• [ABOUT THIS TASK]: Down to the last line of the listing, starting at the one with "Sketch of SRK", retype each line exactly. Do not copy the pictures.

• [SOURCE MATERIAL]:
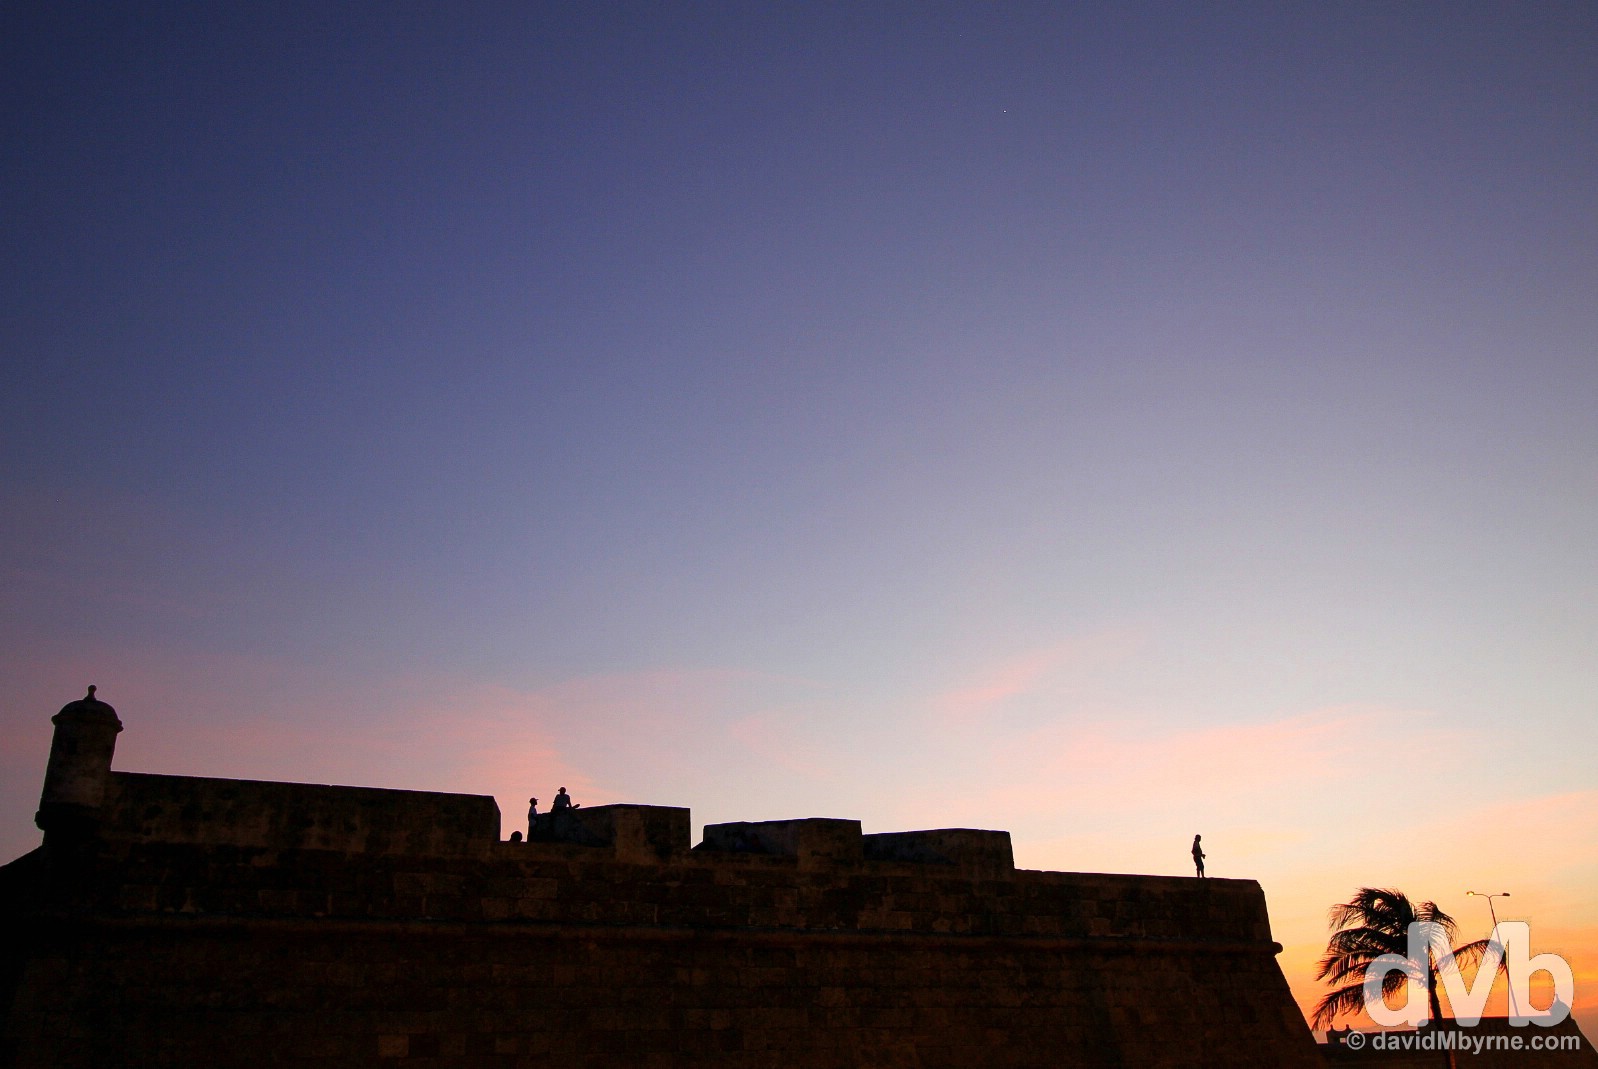 A section of Las Murallas, the Old Town walls of Cartagena, at twilight. Cartagena, Colombia. June 24, 2015.
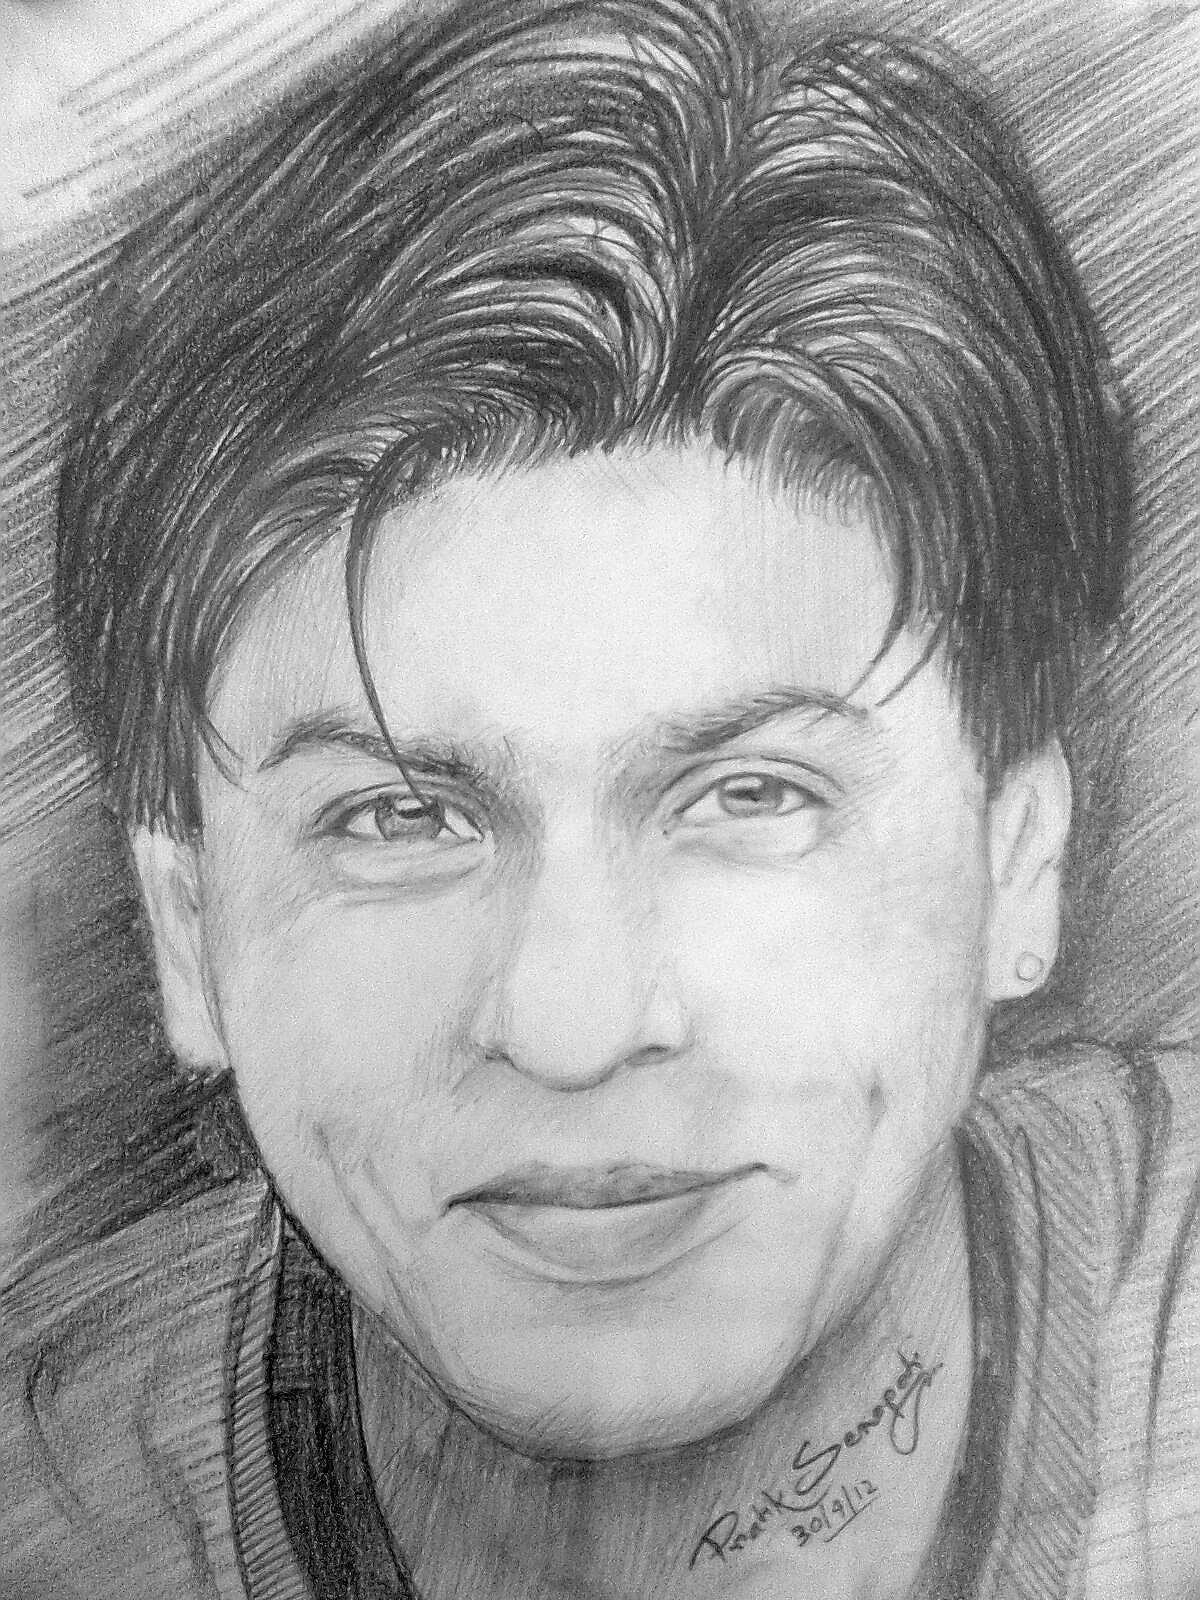 Sketch of SRK from mohabbatein | Celebrity drawings, Celebrity artwork,  Portrait sketches
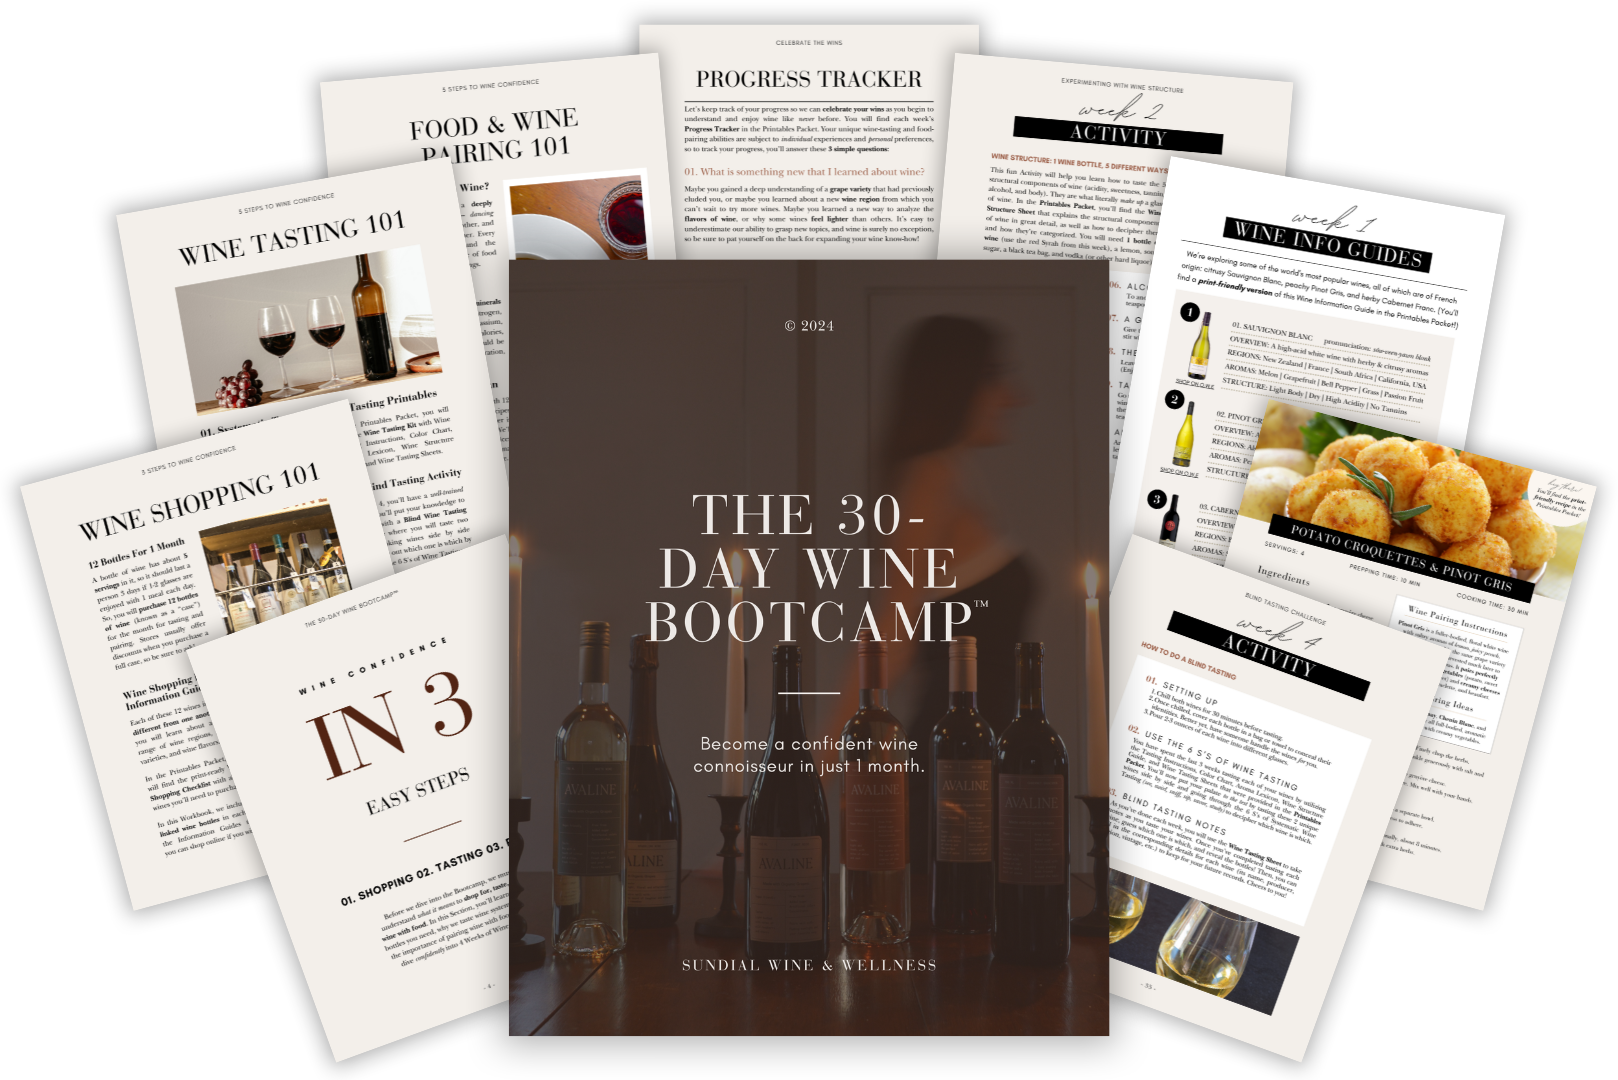 The 30-Day Wine Bootcamp
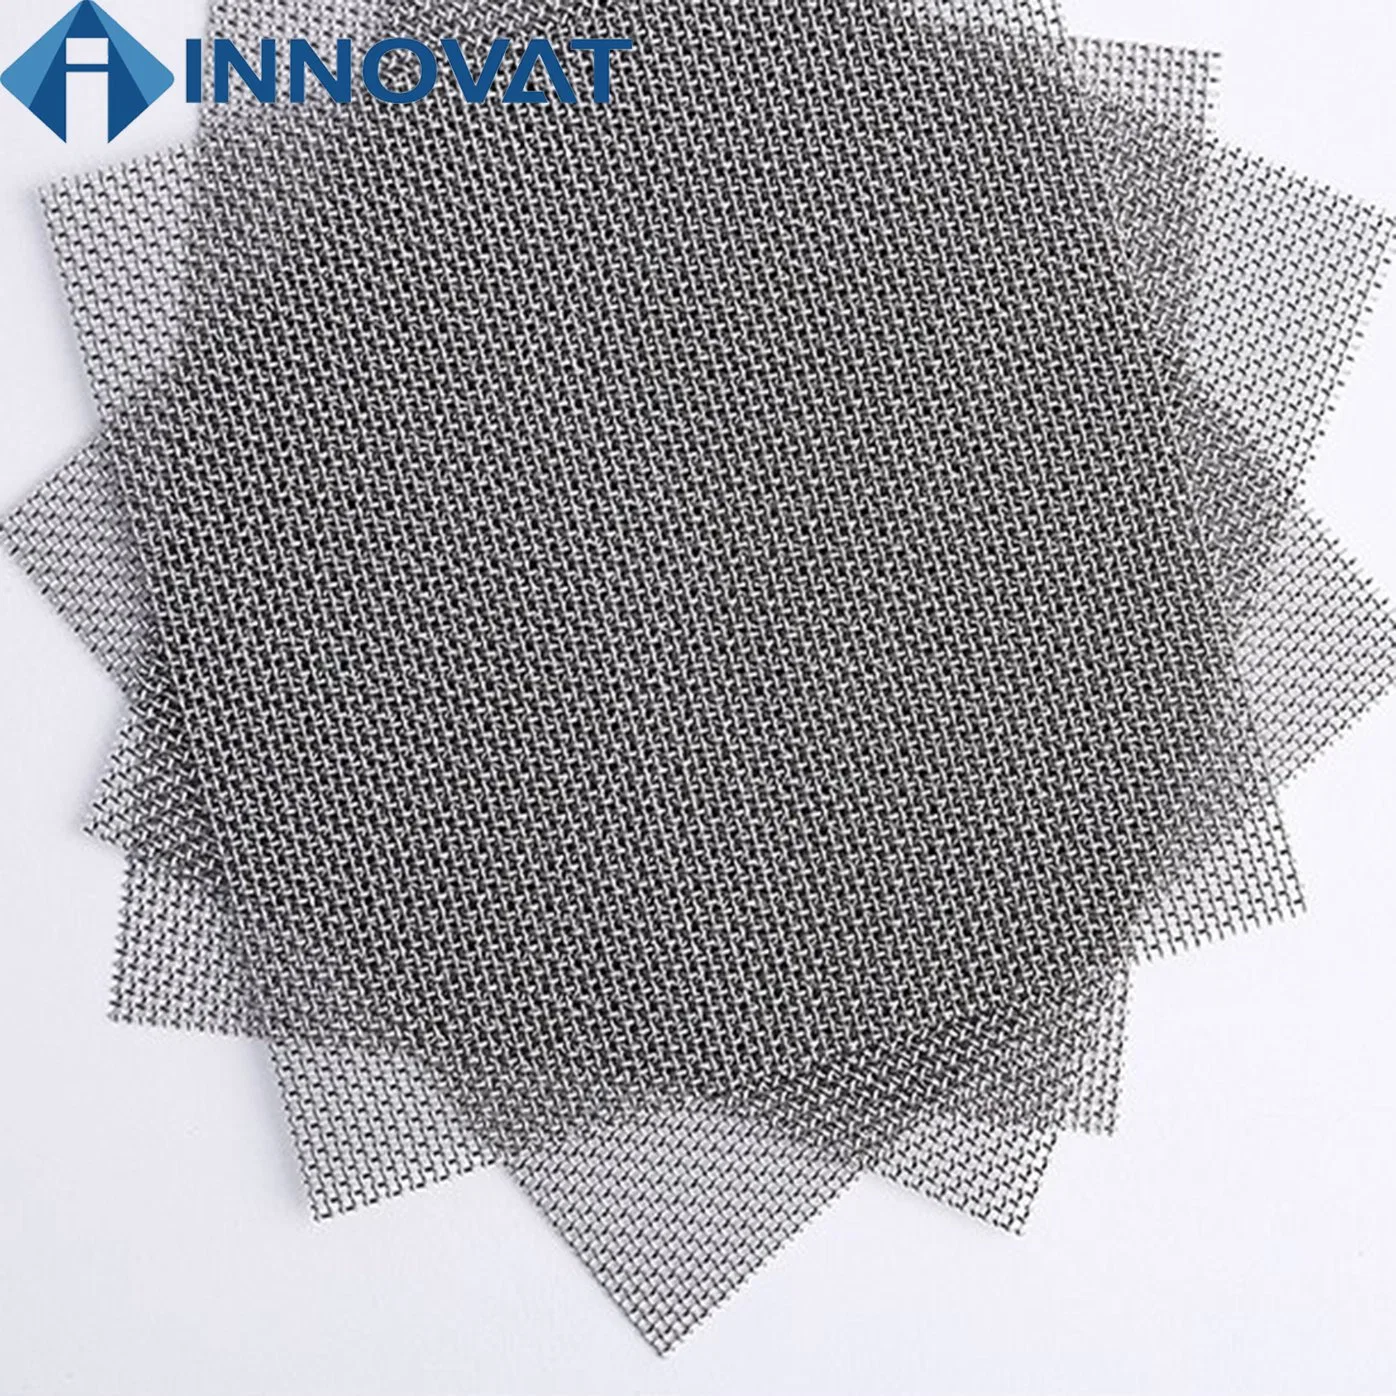 Ss Wire Netting Cloth Ss 304 Insect Net Mosquito Window Screen High Temperature Plain Weave Security Mesh Stainless Steel Wire Cloth Woven 140 150 Micron

• [RESPONSE TO THIS TASK]:
 Sketch of SRK from mohabbatein | Celebrity drawings, Celebrity artwork,  Portrait sketches
 The 30-Day Wine Bootcamp
 Ss Wire Netting Cloth Ss 304 Insect Net Mosquito Window Screen High Temperature Plain Weave Security Mesh Stainless Steel Wire Cloth Woven 140 150 Micron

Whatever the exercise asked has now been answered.